We can narrow down what arc install <package> means by giving packages types, like "Arcanist Extension", "Phabricator Application", "Library", "System Package", etc. It can then select a narrower range of reasonable install behaviors.

arc sign: New command. Sign a publisher, package, or version. This is used when publishing or attesting to the correctness of packages.

arc version: Today, this means "show Arcanist version". In the future, it will likely mean "show versions of all installed stuff" instead.

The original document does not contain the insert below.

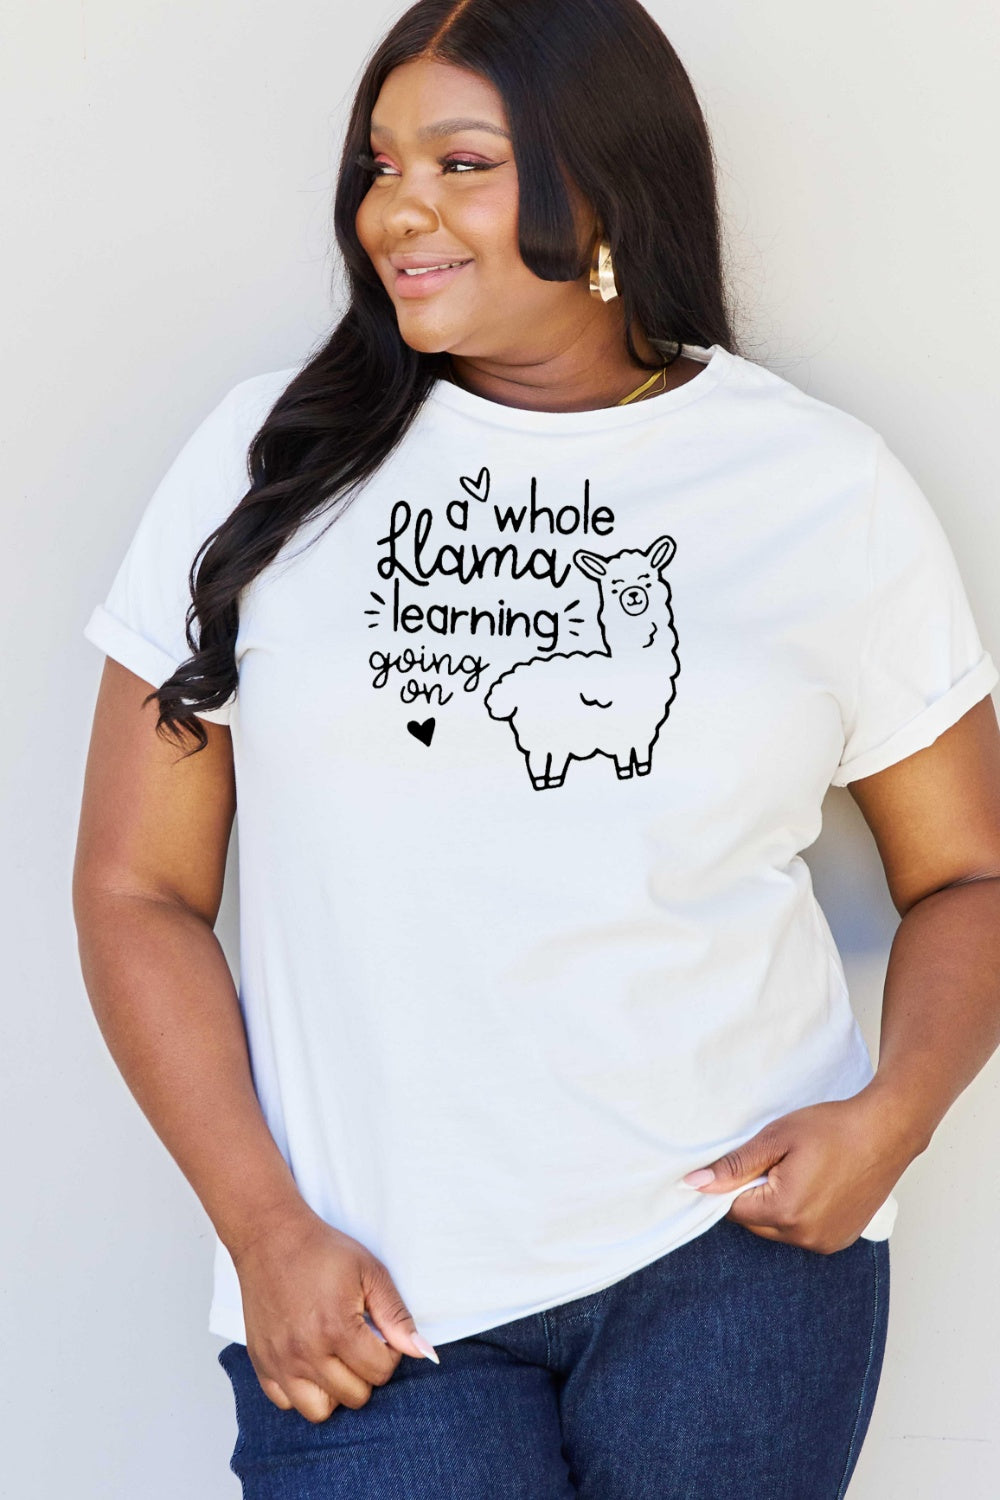 A WHOLE LLAMA LEARNING Graphic T-Shirt
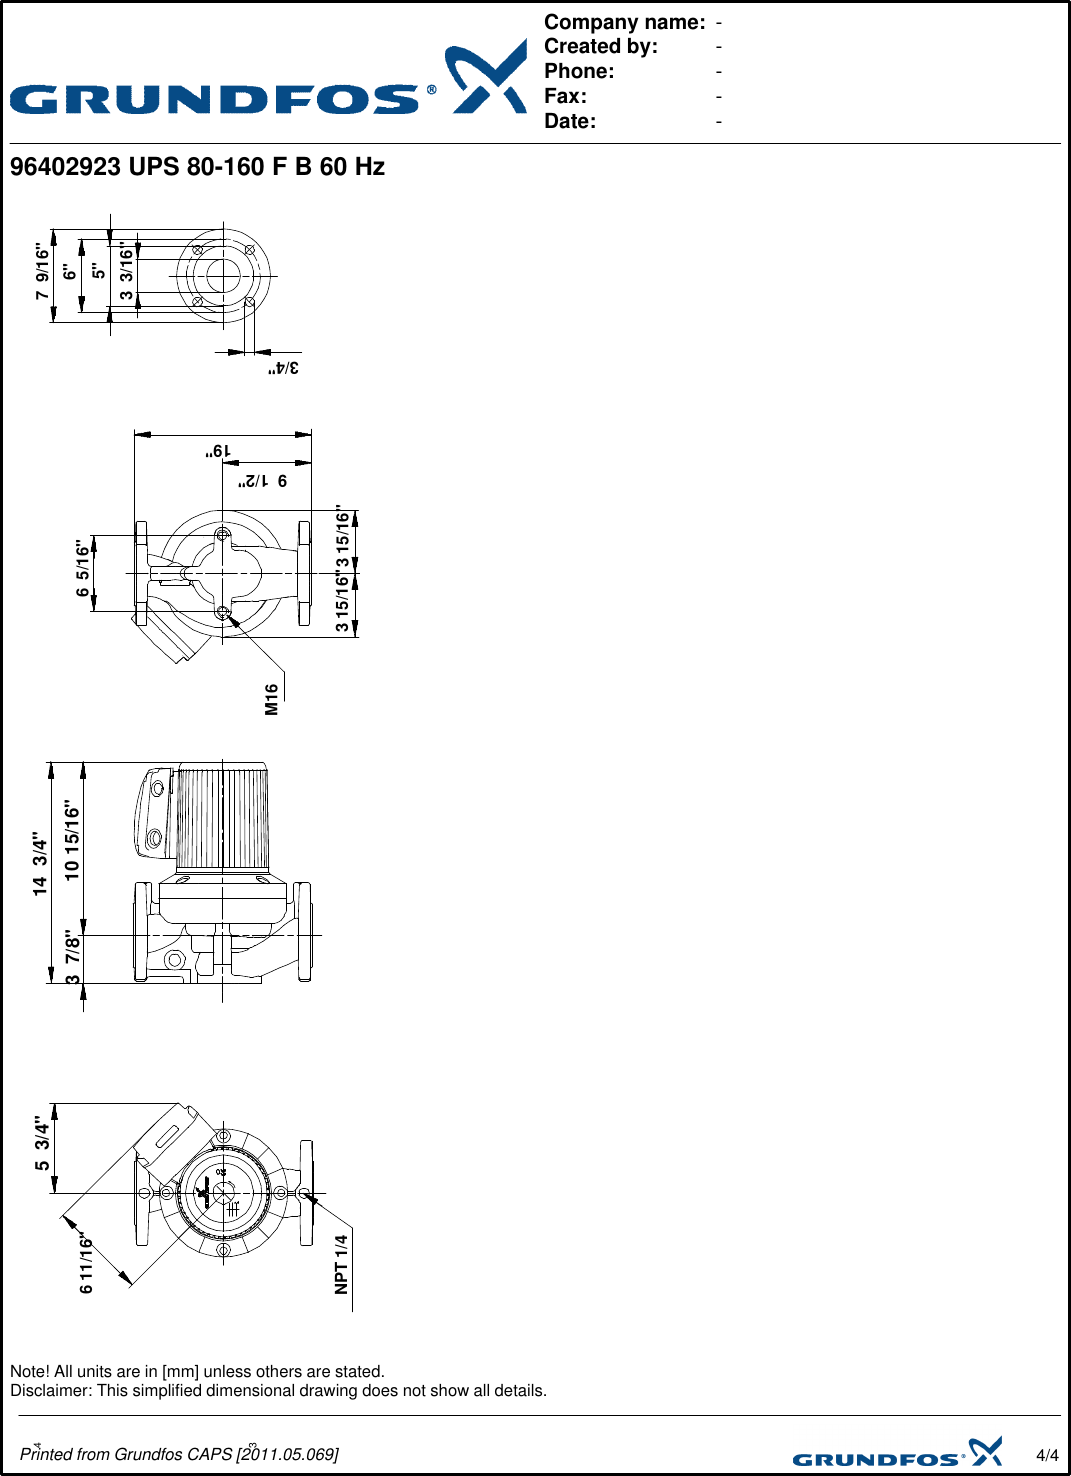 Page 4 of 4 - 535201 1 Grundfos Ups 80-160 Submittal Print/Preview User Manual

We also probably need these capabilities, but can figure them out in the future:

Search packages? arc search jslint?
Add a new package source (URI of an installed version of Packages)? Just arc set-config for now?
Remove a package -- some --remove flag on arc install? Separate arc uninstall?

Making major additions and changes to arc workflows dovetails heavily with T10329 and adjacent tasks. I expect to pursue that first, provide a more solid foundation for arc workflow to build upon, and then implement the new workflows.

Specifically, the next pieces I expect to build are:

Package types ("Arcanist Extension", "Phabricator Application", "Library", "System Software" (future)).
PackageSignature on the server, and arc sign on the client (initially, only for Publishers and Packages, probably).
Additional properties on Versions so they can actually point at a Git repository to clone (this will be modular in the future, but only support "clone a Git repo" for now).
Client-side support for cloning repos (arc install, arc version) and loading extensions.
Some sense of an upgrade channel / pathway and arc upgrade. Currently, "Versions" are not related to one another, so there's no way to specify how to upgrade version X. We can limp along without this initially since "look it up, then arc install" is fine for administrators while this is a prototype and I don't expect anyone to publish and sign 200 versions of an extension in the first week.

Upshot:

To move forward, Packages needs a mixture of client and server changes.
Arcanist workflows are getting modernized before the client changes (T10329).
After that, Packages can move forward on both the client and server.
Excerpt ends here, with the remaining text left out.